AMS's new AS7265X 3-chip set promises a compact, 18-channel, 20 nm FWMH spectrometer for less than $25

kris-winerKris Winer 05/28/2018 at 19:013 Comments

28 May 2018

Like a kid with a new toy, I could not resist testing the spectrometer out on various targets.

First, I soldered headers onto the board and mounted it on a breadboard along with a small Arduino-programmable (Ladybug) STM32L432 MCU:


I tested out the led controls a bit more and found that by default the top and bottom source leds are off. So I played around with turning them on and testing whether the spectrometer could "see" them. I think the 850 nm leds I bought simply do not work. I have never gotten a signal from the 850 nm when the led was supposed to be on. The 940 nm led does work and I experimented with different current drives up to 50 mA. My MCU board has a 150 mA LDO so I don't want to press things too much. The broad band (5700 K, 90 CRI) led (yellow square thing on the AS7265X board) defaults to 100 mA as far as I can tell. I must say, the AT commands are somewhat cryptic and I will have to do a lot more experimenting to make sure I understand how to use the led sources correctly. It would help if I could actually see the leds!

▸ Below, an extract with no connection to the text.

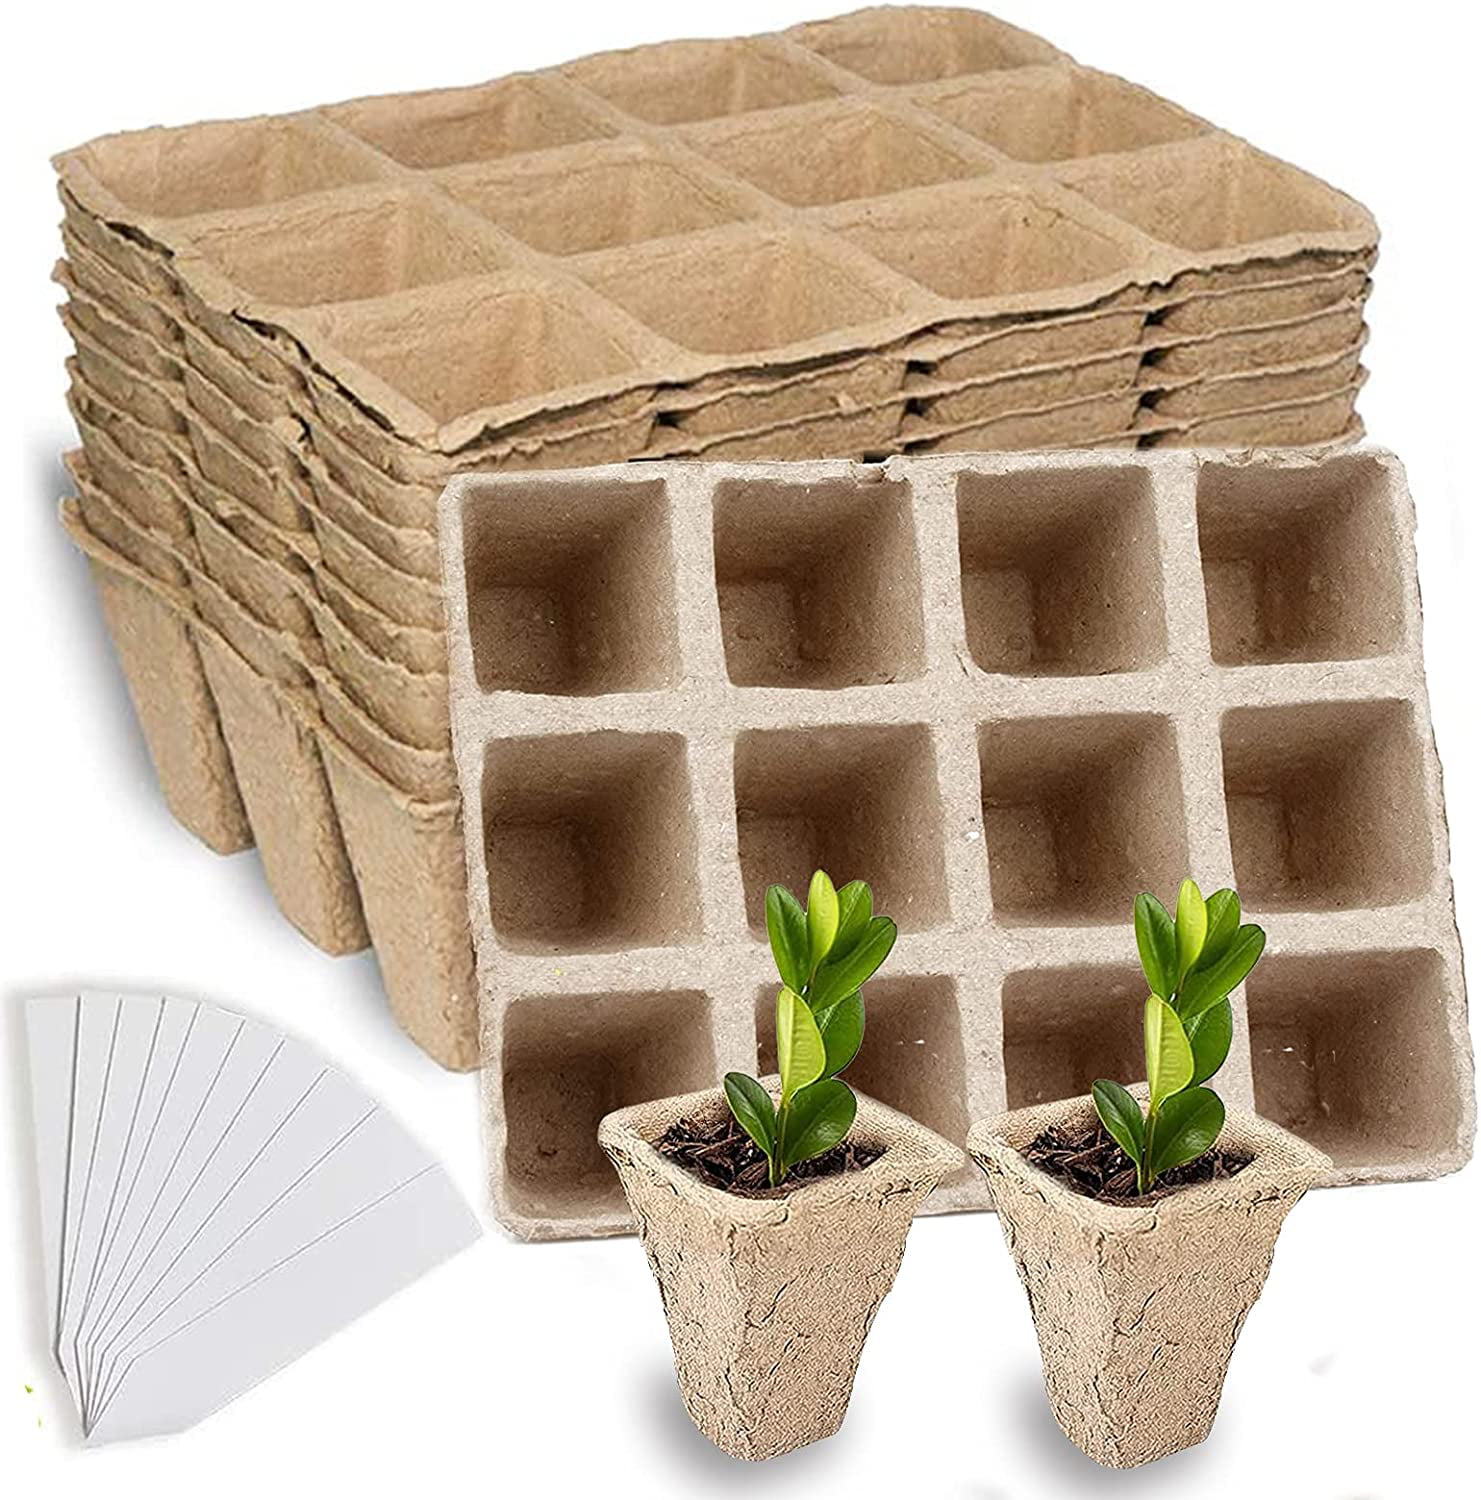 Nursery Biodegradable Germination Seedling Trays Seed Starter Peat Pots,15 PCS Premium Seed Starter Trays,Peat Pots for Garden Seeding Germination Trays 180 Cells with 15 Plastic Plant Labels.

I programmed the button to turn on the broad-band source, then take a spectrum, then turn off the broad-band source, kind of like flash photography. It sort of kind of works, but there are latency issues due to the relatively slow serial interface and I don't always get a clean 18-channel spectrum. Sometimes the leading or lagging channel is missing or mixed up with OKs and other AT command activity. But it is usable, and I can simply position the breadboard over an object, press the button like taking a picture, and read off the 18-channel data from the serial monitor. Still a bit clunky but eminently usable.

I did a little more measuring with this rig held a few centimeters from each object:

The white paper spectrum is again basically the spectrum of the broad-band source (plus the 940 nm led I think). When applied to various household objects, the absorption of the objects changes the spectrum recorded by the spectrometer. So flourescent green paper absorbs strongly in the blue but not much elsewhere. The banana and red pepper absorb strongly in the blue and between ~600 and 700 nm. Definitely different and distinguishable.

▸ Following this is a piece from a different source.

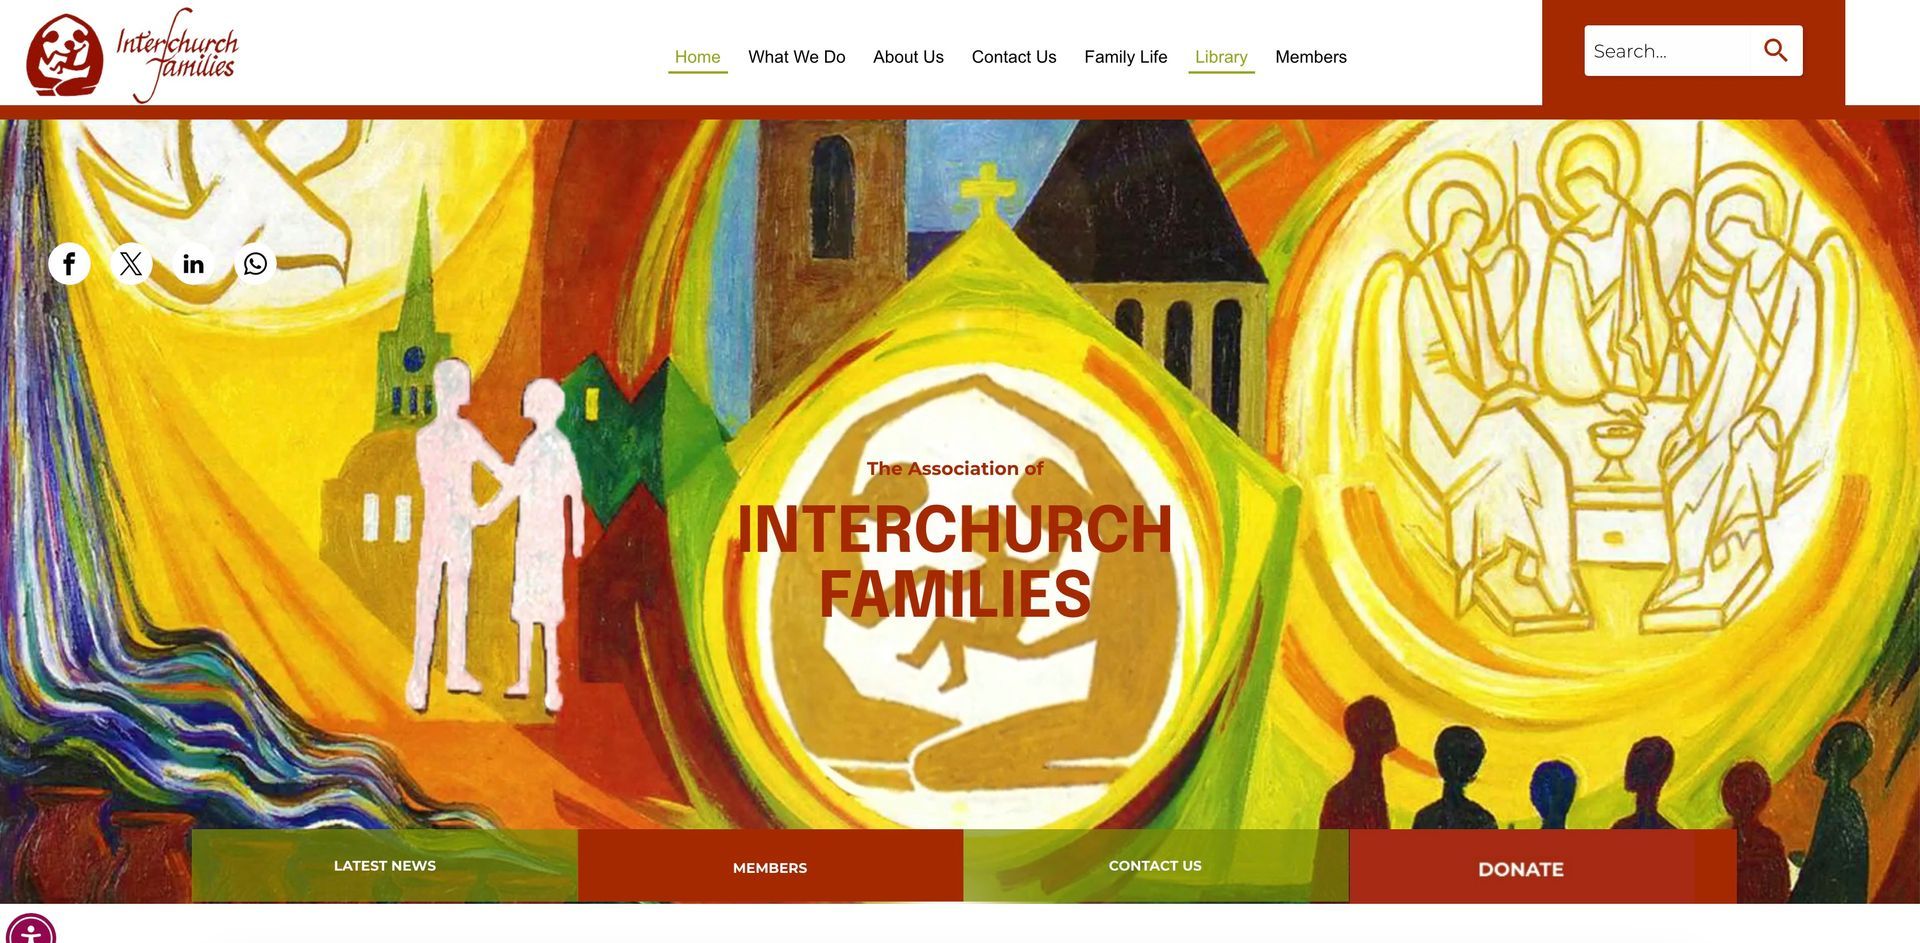 A website for interchurch families has a painting of a church and people on it.

I think the right way to plot such data is by correcting for dark current and normalizing by the white paper spectrum. We basically want to know how much of the source light is reflected back, and it makes sense to plot the reflected spectra of our test object as a ratio to the reflected spectra from a quasi-ideal (white paper) reflecting object. The dark current is zero, at least that is what I measure with the broad-band illumination off at these gain (2) and integraton time (100 ms) settings.

I have color coded the spectra to approximate the colors of the objects (clever, no?). What we see is that florescent green paper reflects light uniformly from ~500 to ~800 nm; it is the absence of blue and the presence of light from ~650- 700 nm that accounts for the flourescent green apparently. The banana and red pepper both have a similar spectrum with double peaks at ~600 nm and ~750 nm, what we see is determined mostly by the first portion of the spectrum. The banana has nearly equal parts of green (560 nm), yellow (585 nm) and orange (610 nm) components so looks yellow to us, while the red pepper is mostly yellow (585 nm) and orange (610 nm). The peaks at 705 - 730 nm nm dominate in both spectra (typical human visible light sensitivity is 390 - 700 nm) and accounts for the dominant red color of the pepper.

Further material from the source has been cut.